Glucose availability and sensitivity to anoxia of isolated rat peripheral nerve

The contrast between resistance to ischemia and ischemic lesions in
peripheral nerves of diabetic patients was explored by in vitro
experiments. Isolated and desheathed rat peroneal nerves were
incubated in the following solutions with different glucose
availability: 1) 25 mM glucose, 2) 2.5 mM glucose, and 3) 2.5 mM
glucose plus 10 mM 2-deoxy-D-glucose. Additionally, the buffering
power of all of these solutions was modified. Compound nerve action
potential (CNAP), extracellular pH, and extracellular potassium
activity (aKe) were measured simultaneously before, during, and
after a period of 30 min of anoxia. An increase in glucose
availability led to a slower decline in CNAP and to a smaller rise
in aKe during anoxia.
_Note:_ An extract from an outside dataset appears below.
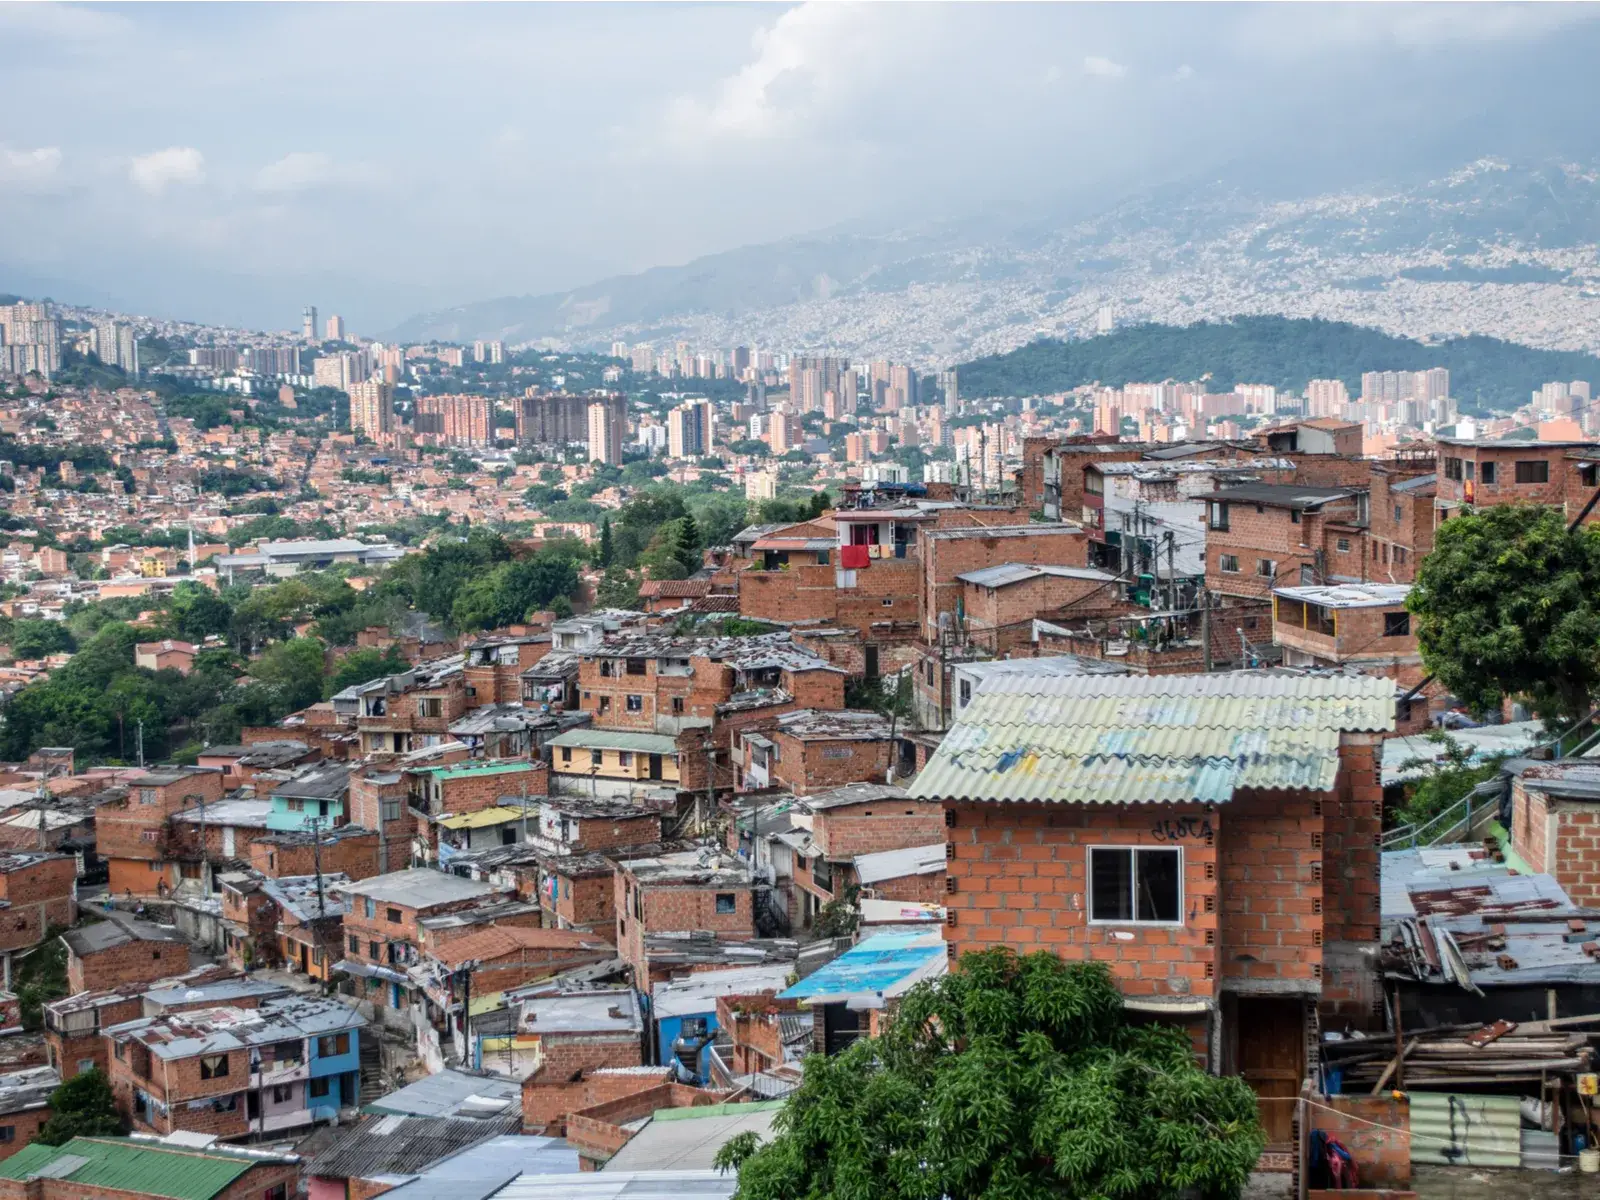 Terrible part of town picturing the slums in Medellin for a piece titled Is Colombia Safe

This resistance to anoxia was accompanied by
an enhanced extracellular acidosis. Postanoxic recovery of CNAP was
always complete in 25 mM HCO3(-)-buffered solutions. In 5 mM HCO3-
and in HCO3(-)-free solutions, however, nerves incubated in 25 mM
glucose did not recover functionally after anoxia, whereas nerves
bathed in solutions 2 or 3 showed a complete restitution of CNAP.
We conclude that high glucose availability and low PO2 in the
combination with decreased buffering power and/or inhibition of
HCO3(-)-dependent pH regulation mechanisms may damage peripheral
mammalian nerves due to a pronounced intracellular acidosis.